◆ How to complete this task
Pictures appear among the records below and must be omitted. Repeat exactly the lines from the line with "Fashion V Golden" to the line with "Ups! Ungeschickter Panda", both included.
Input material: Begin
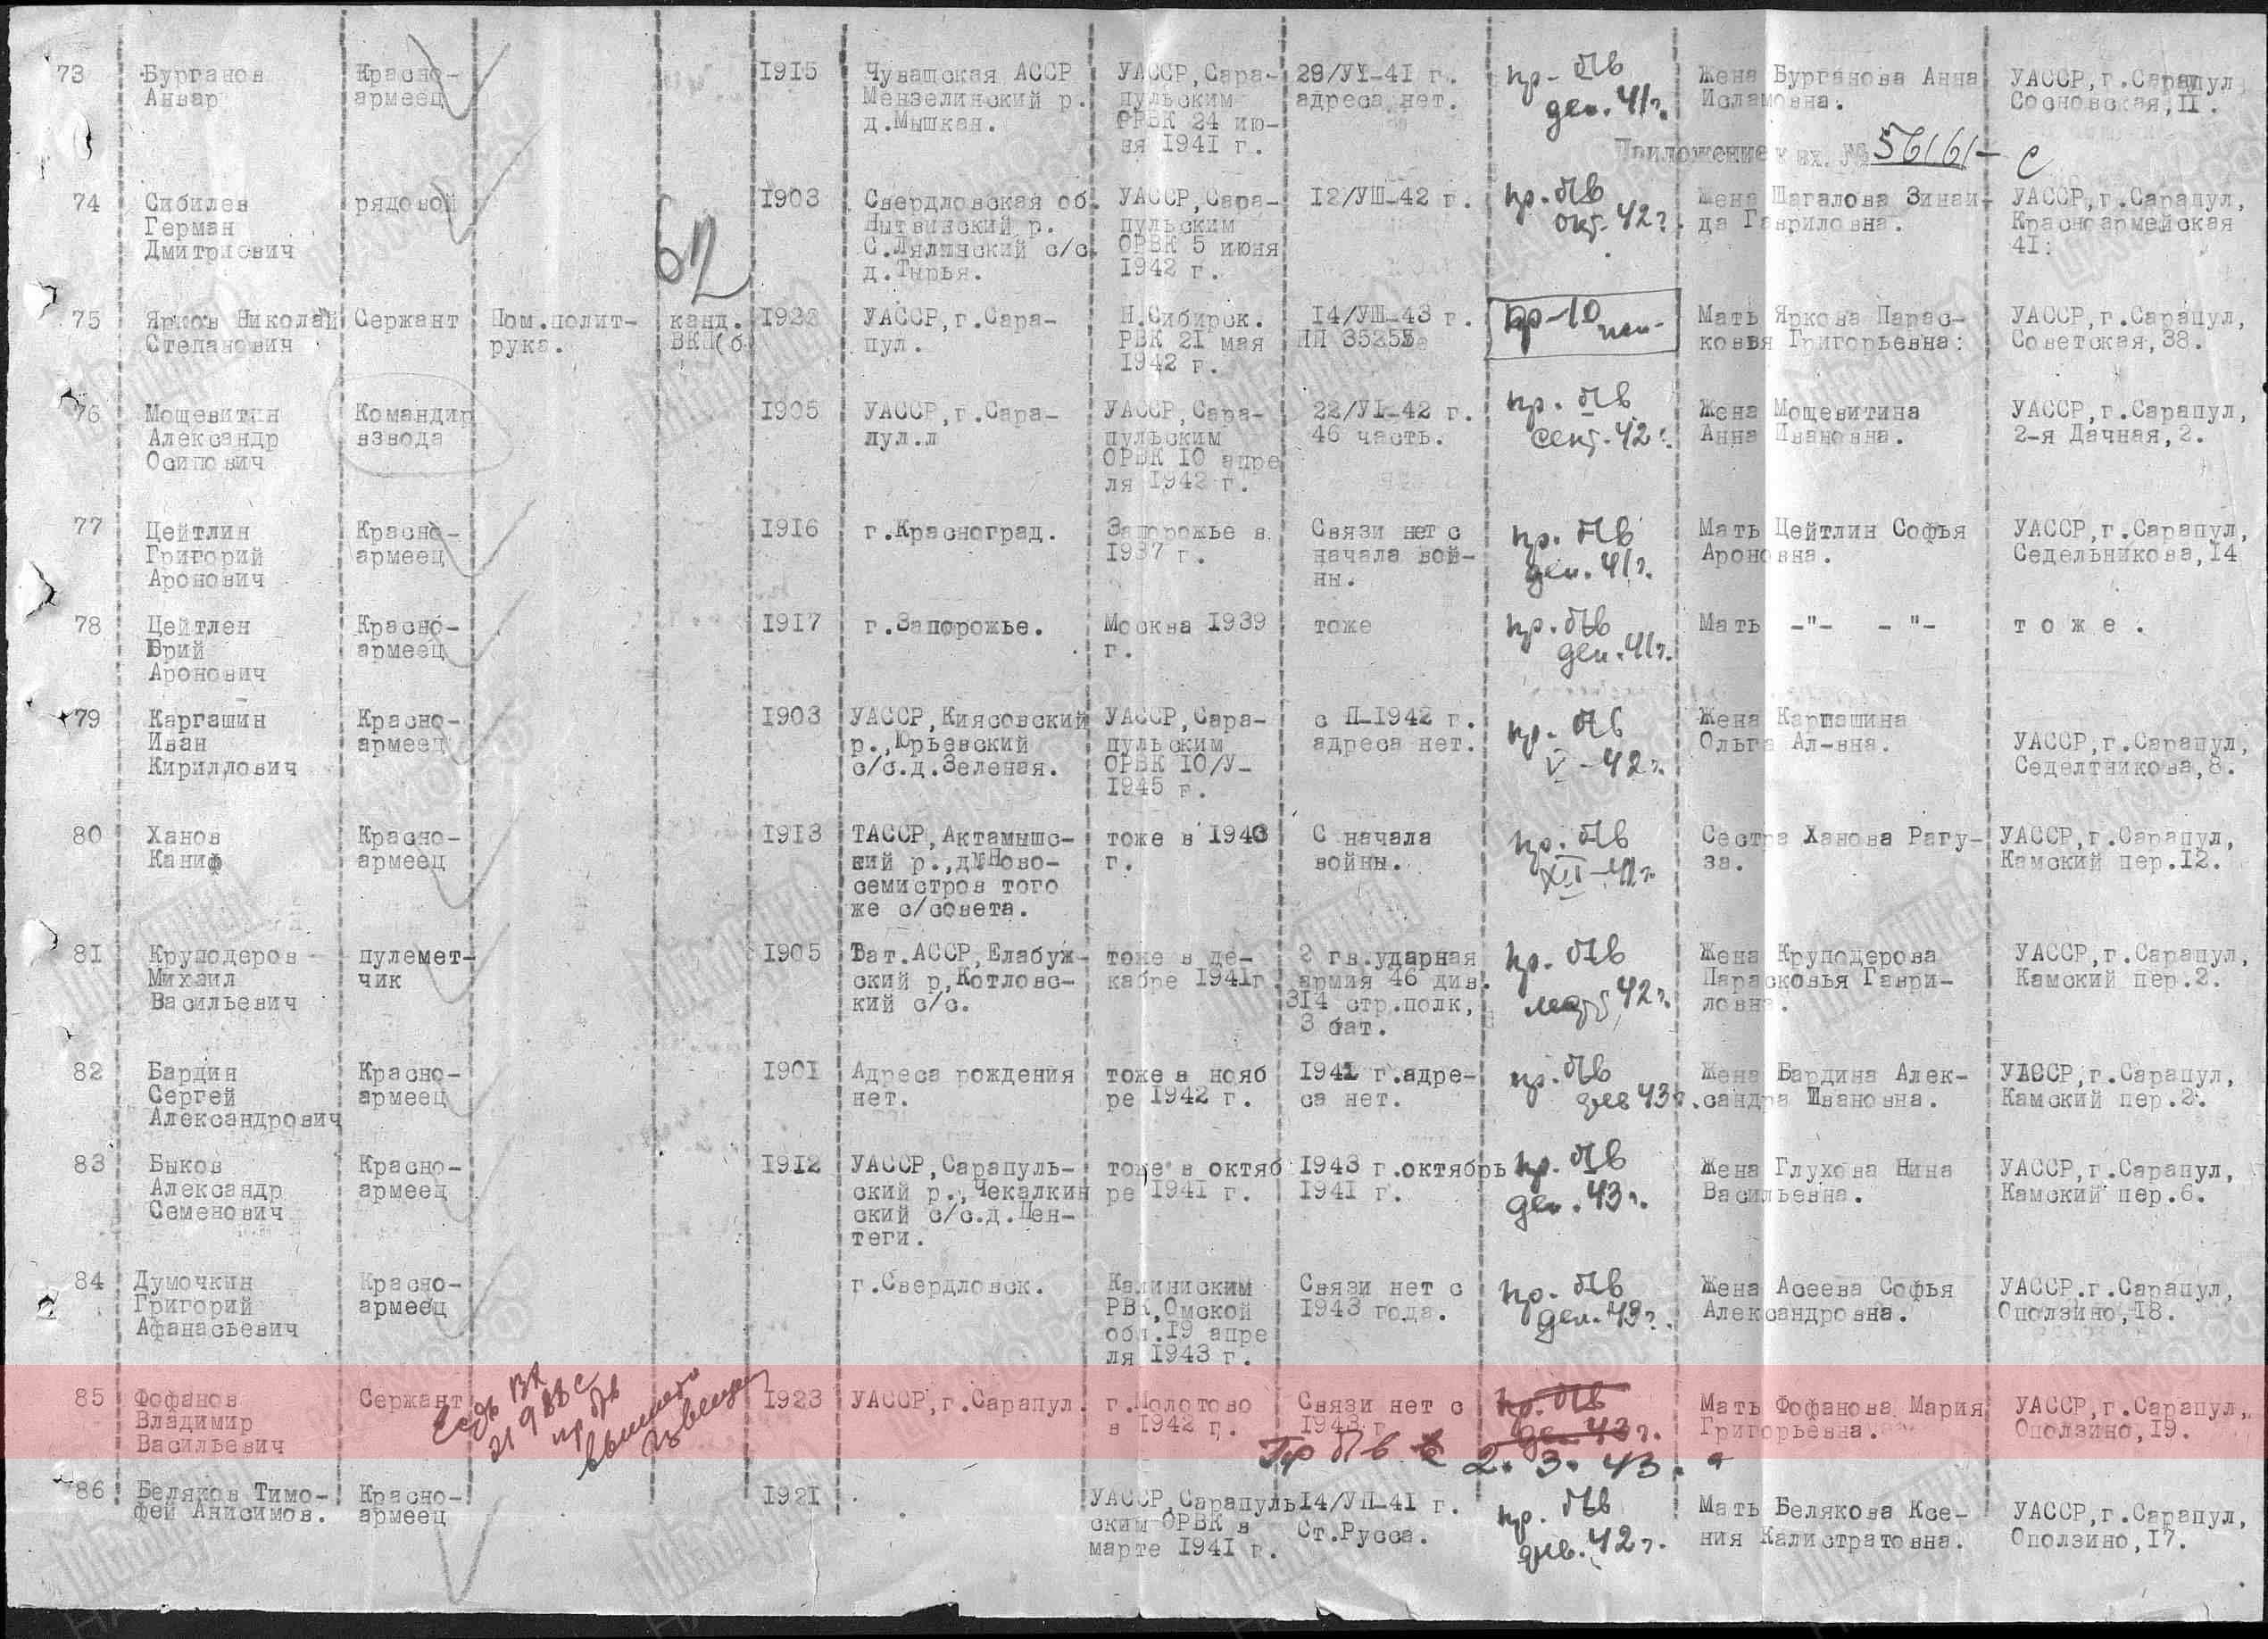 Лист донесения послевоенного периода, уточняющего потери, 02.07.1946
Input material: End
Input material: Begin
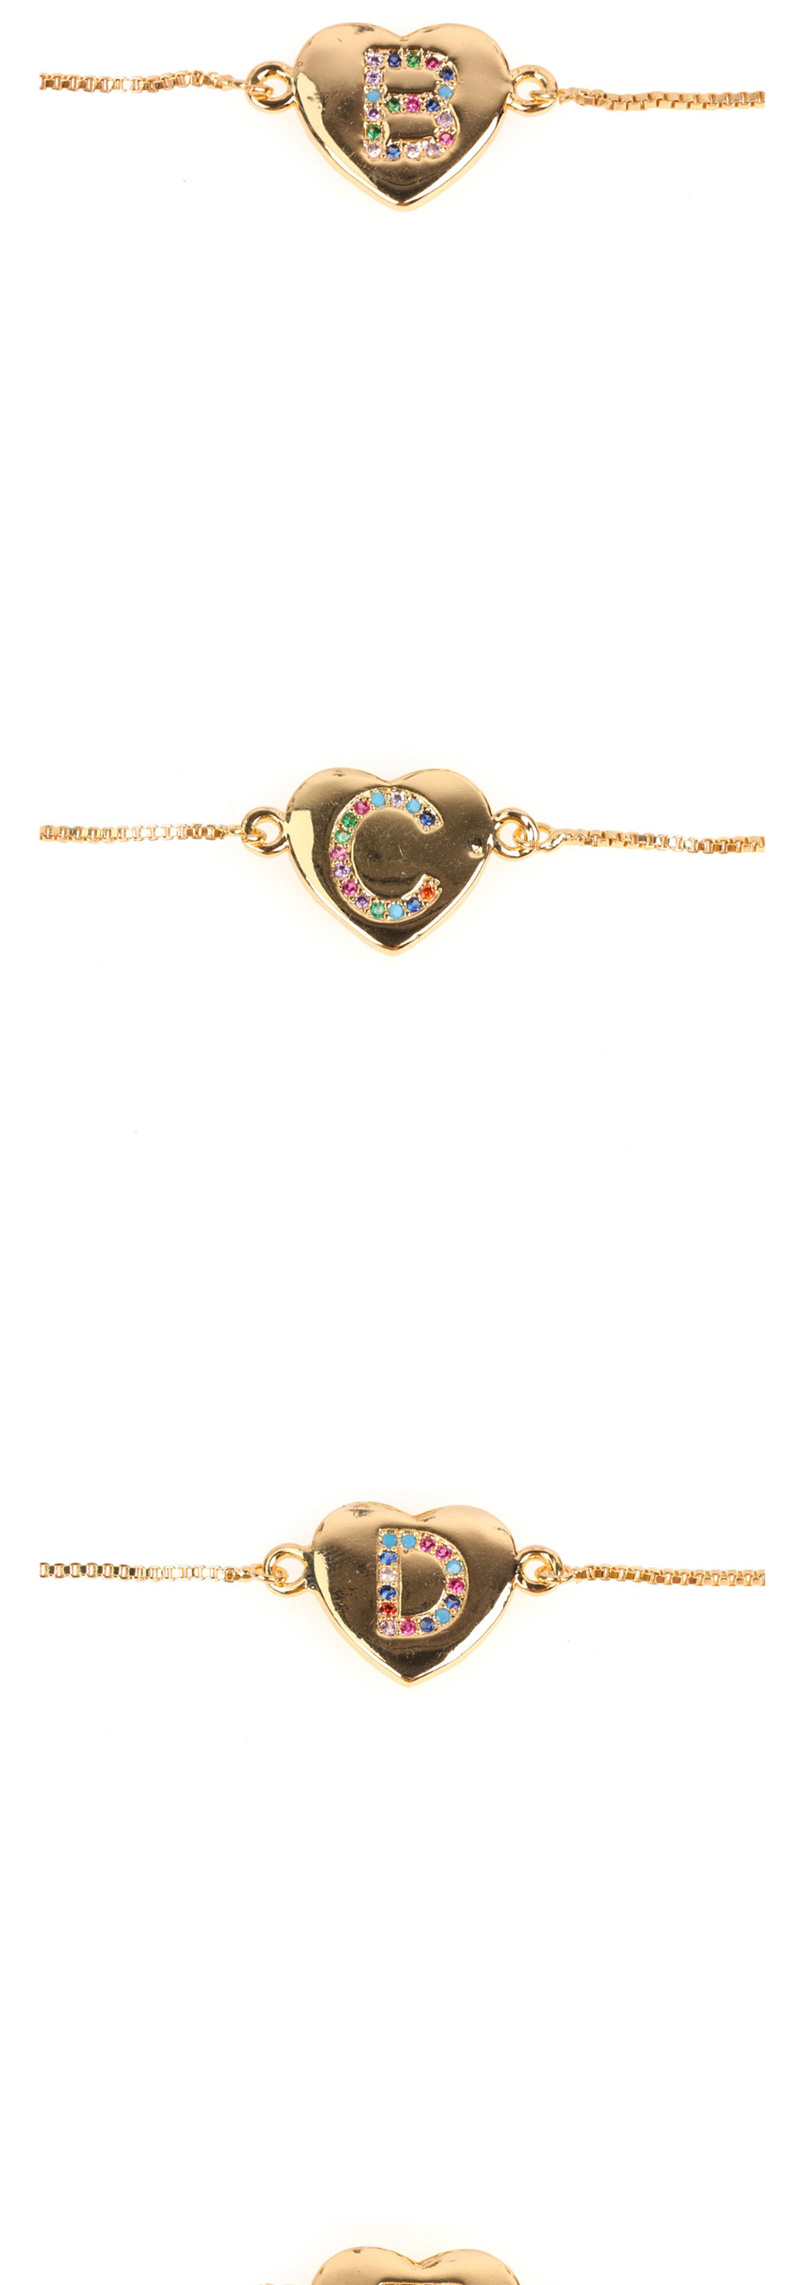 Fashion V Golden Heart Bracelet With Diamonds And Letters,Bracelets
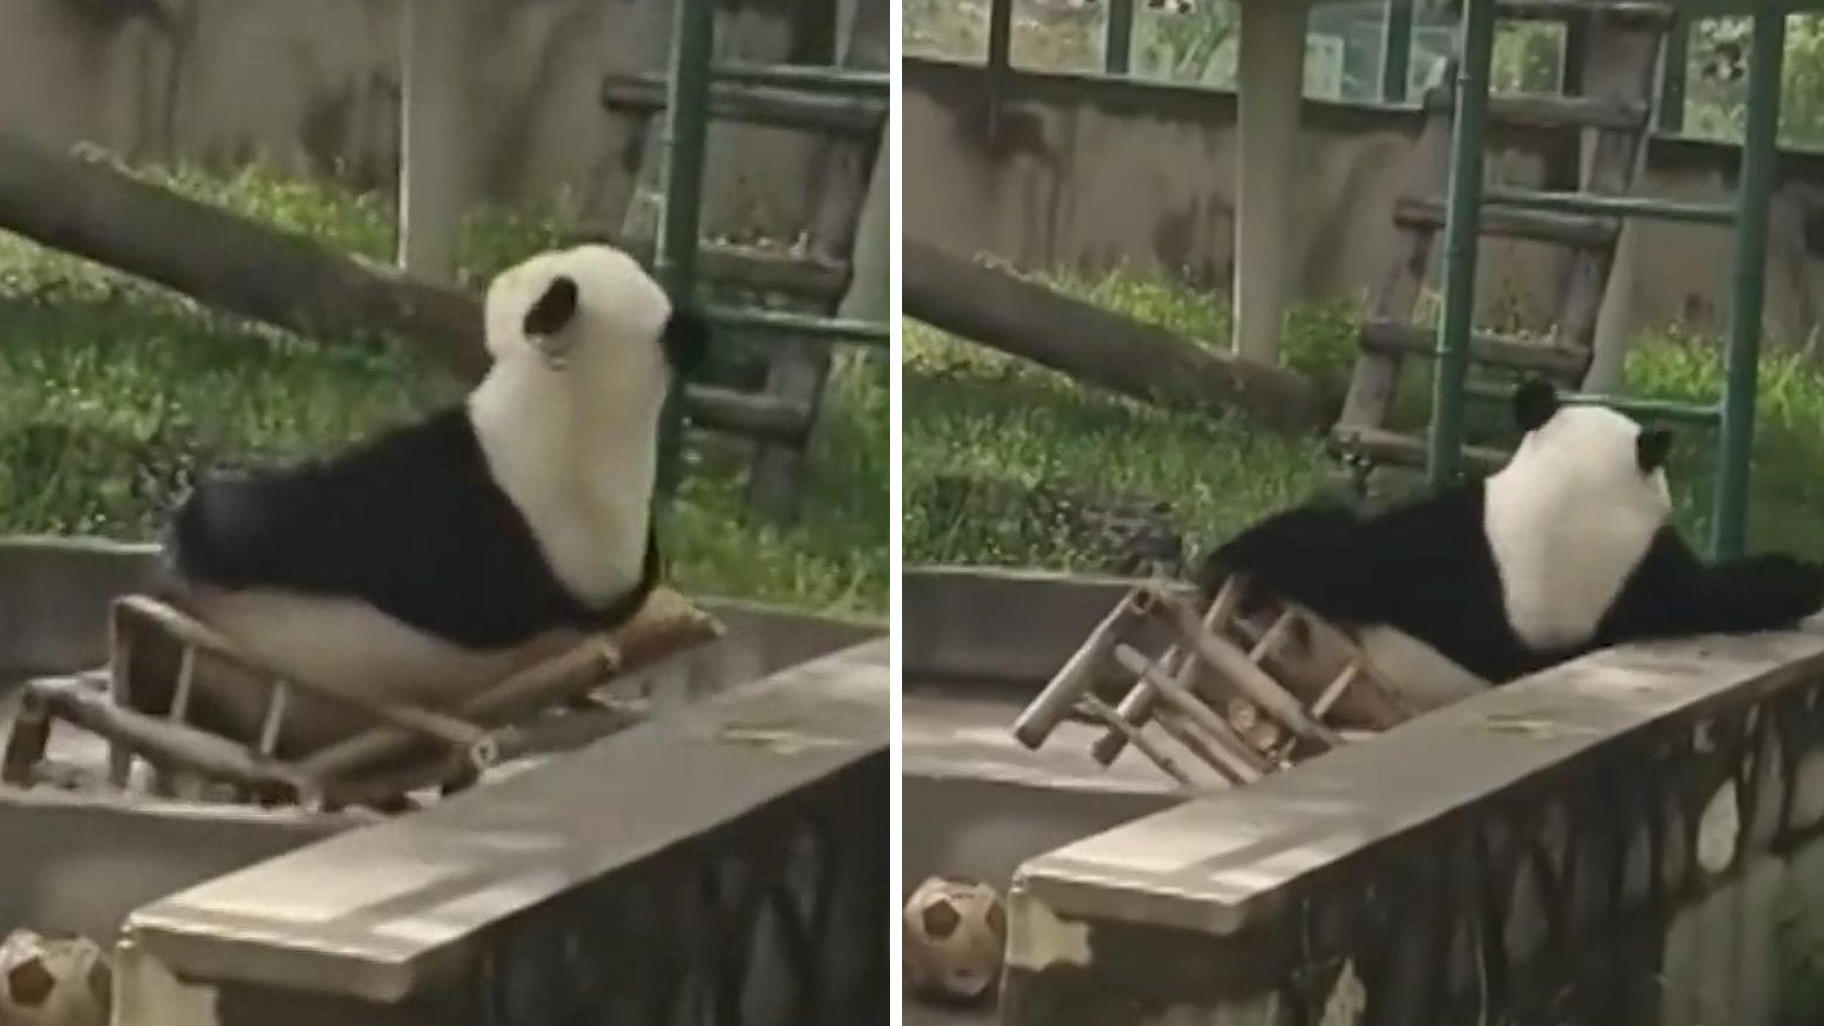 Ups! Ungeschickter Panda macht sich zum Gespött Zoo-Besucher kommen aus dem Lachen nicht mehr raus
Input material: End
◆ Exercise response
 Fashion V Golden Heart Bracelet With Diamonds And Letters,Bracelets
 Ups! Ungeschickter Panda macht sich zum Gespött Zoo-Besucher kommen aus dem Lachen nicht mehr raus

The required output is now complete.